En çok gıdada tercih ediliyor

Bir markanın isim hakkının kullanılması olarak tanımlanan franchising, marka garantisi sağlaması ve daha önce denenmiş bir iş olması nedeniyle az riskli bir yatırım olarak görülüyor. Türk girişimciler en çok restoran ve gıda alanında franchise veren markaları tercih ediyor. Ancak son yıllarda kahve ve çay ile tekstil, otomotiv, emlak ve hizmet sektöründe de franchise talepleri artmaya başladı. Franchise bedelleri ortalama 10 bin ile 50 bin dolar arasında, mağaza yatırımı da 20 bin TL ile 150 bin TL arasında değişiyor. Bunun yanında marka bedeli istemeyen, sadece mağaza yatırımını kabul eden firmalar da bulunuyor.
Son dönemde özellikle Diyarbakır'ın burmalı kadayıfı, Kayseri'nin örme kilimi, Isparta'nın gülü gibi Türkiye'nin farklı renklerini marka haline getirmeye çalıştıklarına dikkat çeken Aydın, franchise yöntemiyle bu ürünleri önce ulusal sonra da uluslararası boyuta taşımayı hedeflediklerini söylüyor.
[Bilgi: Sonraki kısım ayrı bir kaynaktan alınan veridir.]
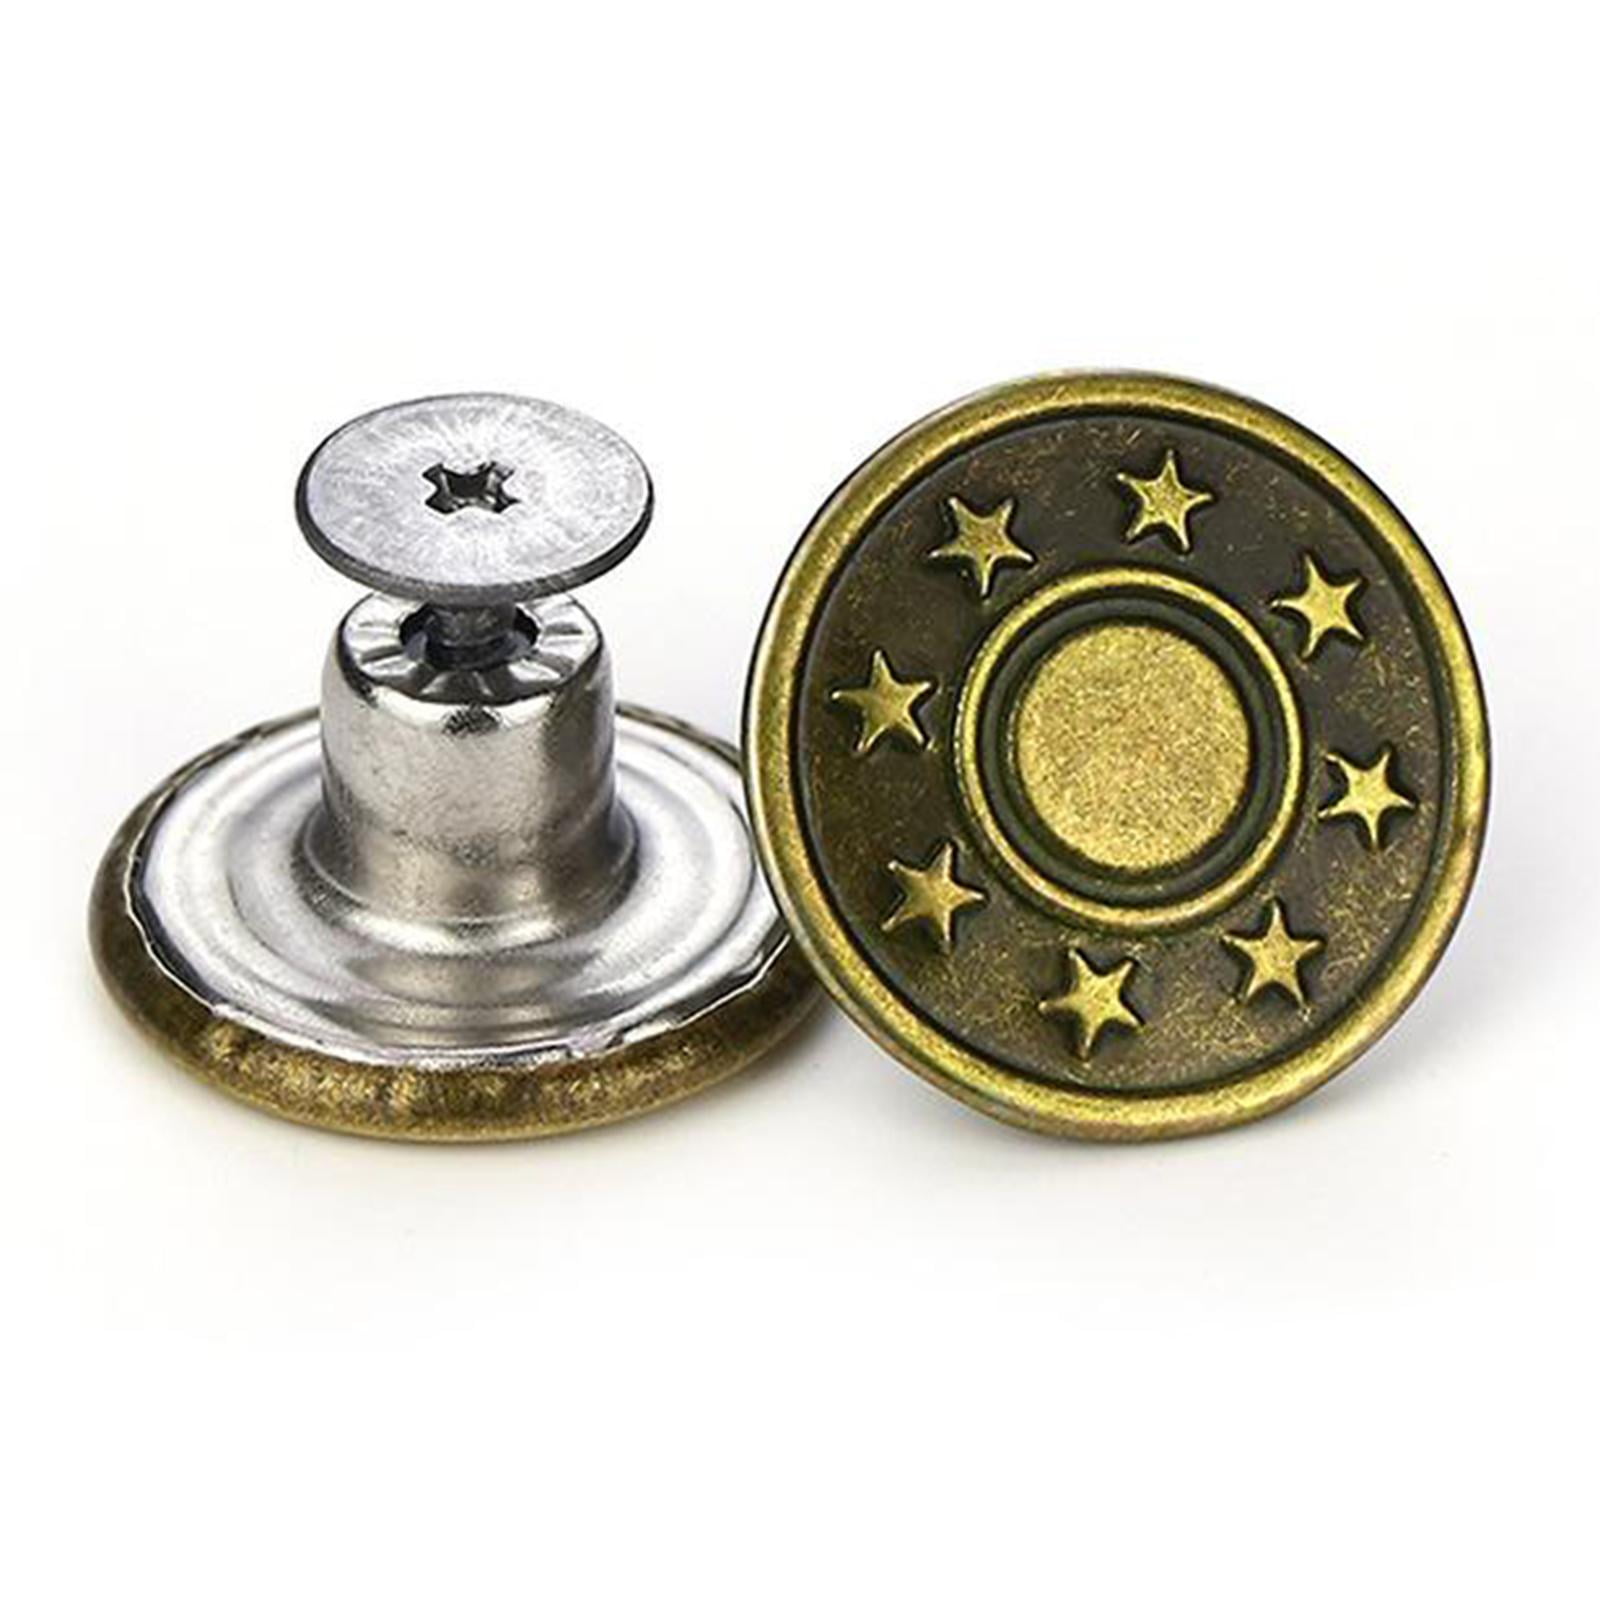 17 mm 20mm Jeans Buttons install Mold DIY accessories Jeans button tools  Metal eyelets molds dies - Price history & Review, AliExpress Seller -  DoonLoo Official Store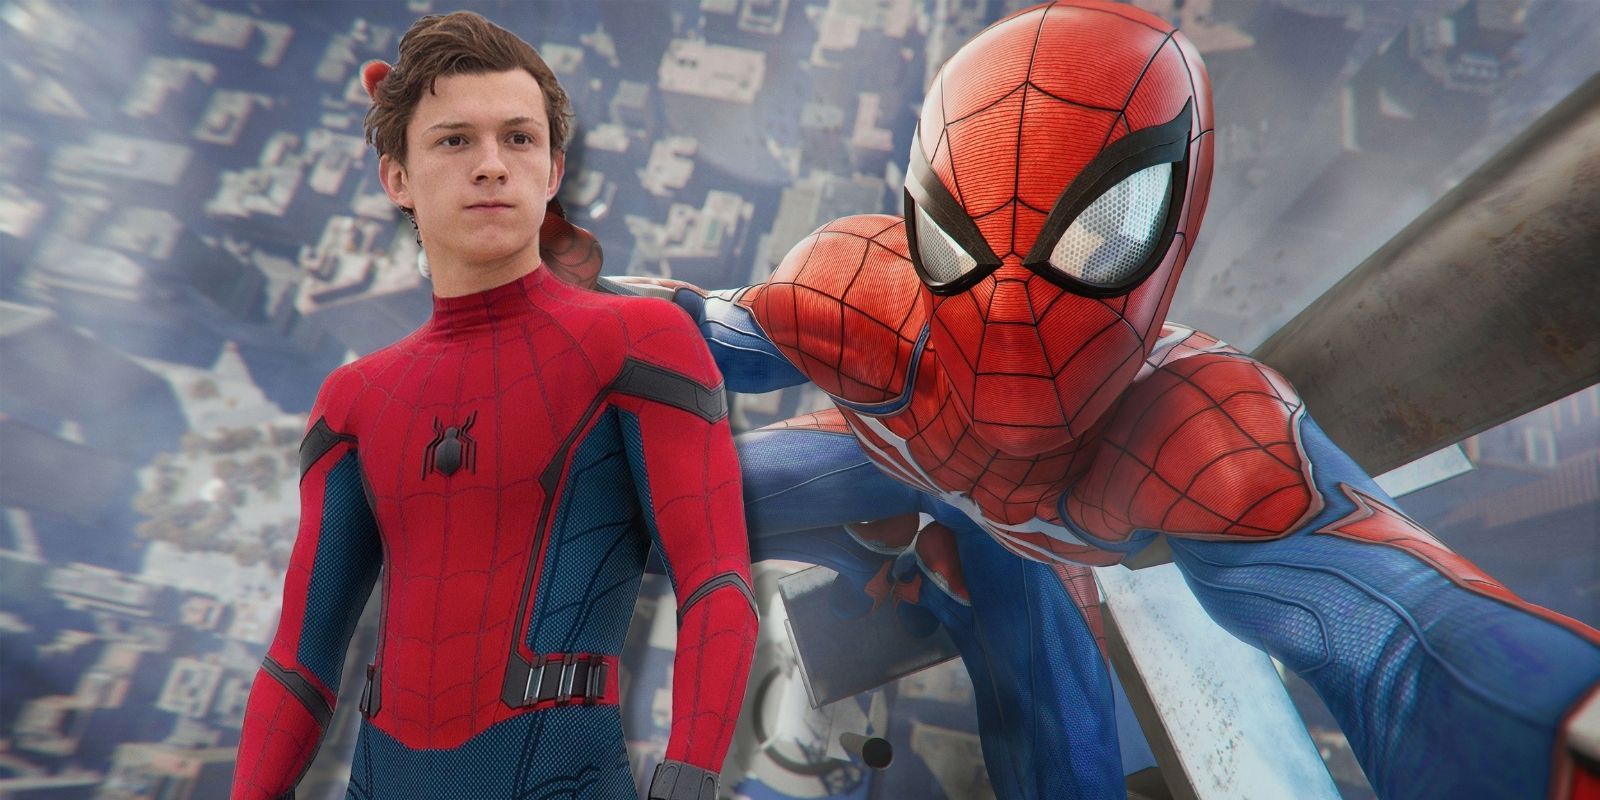 Tom Holland's Peter Parker next to Spider-Man from the PlayStation 4 game

Zengin gençler sektöre giriyor
Franchise & More Genel Müdürü Osman Bilge de insanların son umut olarak markalı işlere yöneldiğini vurgulayarak, piyasada genel bir durgunluk olmasına rağmen franchise almak isteyen girişimci sayısının hızla arttığına dikkat çekiyor.
Bilge, son dönemde özellikle, ailesinin maddi durumu iyi olan ancak kriz nedeniyle iş bulmakta sıkıntı yaşayan gençlerin franchise alarak kendi işlerini kurduklarını anlatıyor. Bilge, "Franchise sektörü son 3 yılda yüzde 25 gibi bir büyüme yakaladı. Hem marka hem de bayi sayısı arttı. Bu kriz dönemi pekçok firma için belirleyici olacak. Geçtiğimiz 2 yılın köpüğü alınıyor. Marka olmayan 1-2 yer açanlar kapanırken, iyi olan zincirler ayakta kalacak. Krizin ardından ortaya pırıl pırıl markalar çıkacak" şeklinde konuşuyor.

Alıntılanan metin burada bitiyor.